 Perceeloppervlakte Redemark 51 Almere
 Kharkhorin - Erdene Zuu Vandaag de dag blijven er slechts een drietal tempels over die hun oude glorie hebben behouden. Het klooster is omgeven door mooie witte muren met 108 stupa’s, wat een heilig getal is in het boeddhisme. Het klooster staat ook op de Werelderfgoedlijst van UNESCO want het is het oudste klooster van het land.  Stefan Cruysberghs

--

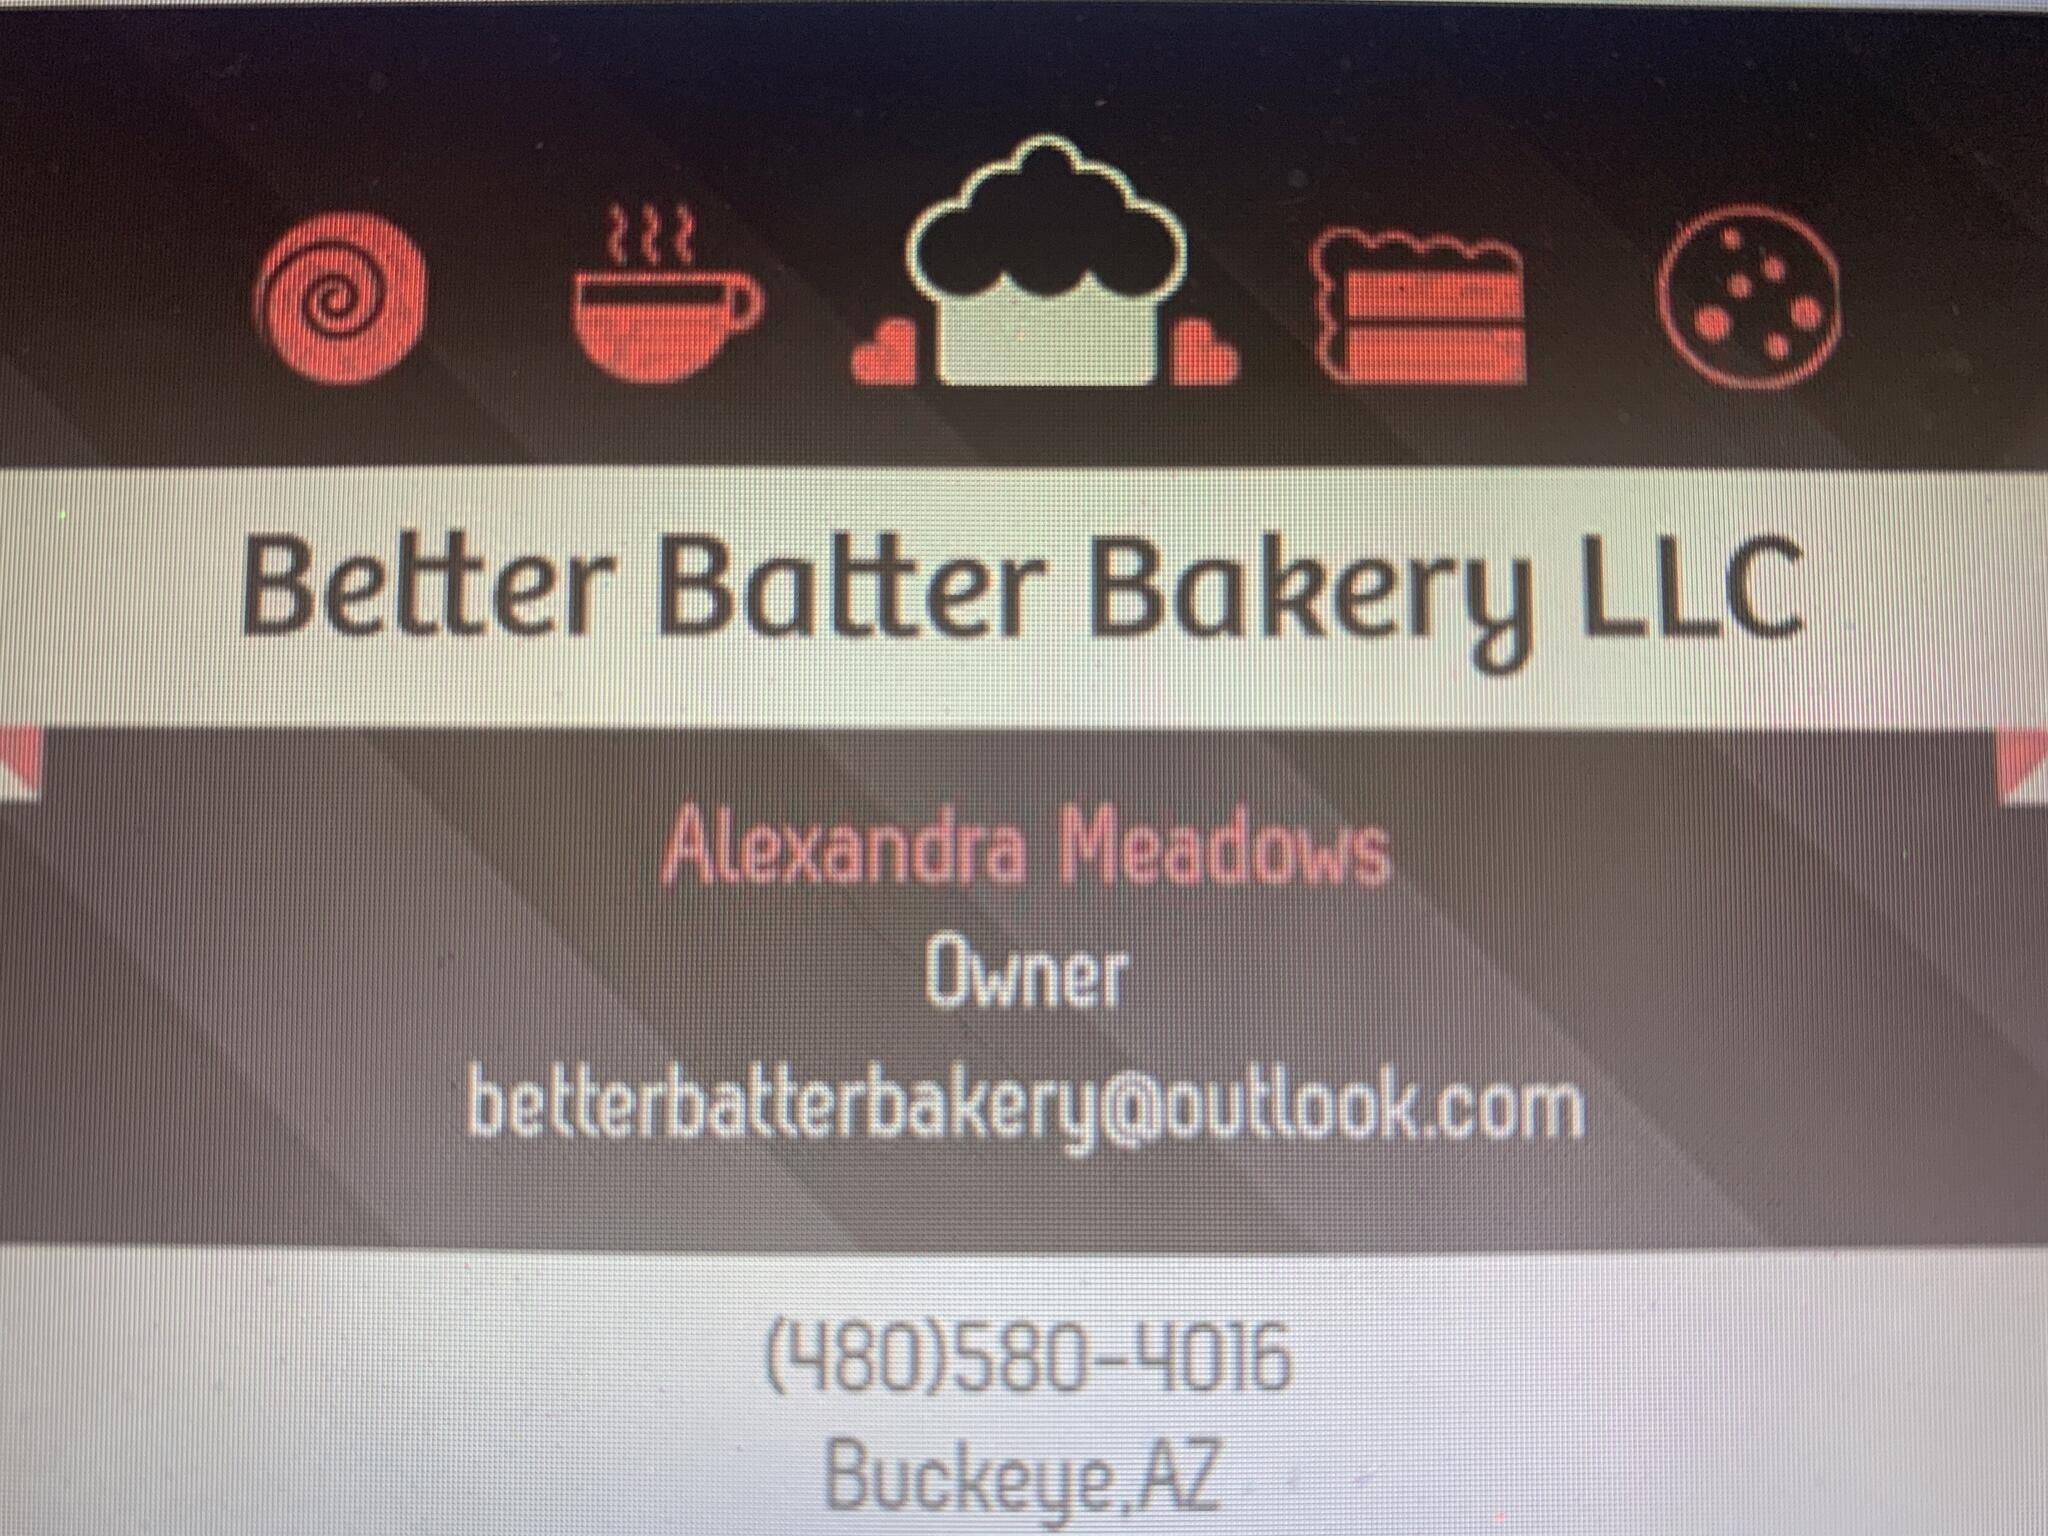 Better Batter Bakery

Problem to work on:
Among the entries above, locate the lines containing "Perceeloppervlakte Redemark 51 Almere" and "Kharkhorin - Erdene", and transcribe exactly those two lines and all lines between.

Solution to this exercise:
 Perceeloppervlakte Redemark 51 Almere
 Kharkhorin - Erdene Zuu Vandaag de dag blijven er slechts een drietal tempels over die hun oude glorie hebben behouden. Het klooster is omgeven door mooie witte muren met 108 stupa’s, wat een heilig getal is in het boeddhisme. Het klooster staat ook op de Werelderfgoedlijst van UNESCO want het is het oudste klooster van het land.  Stefan Cruysberghs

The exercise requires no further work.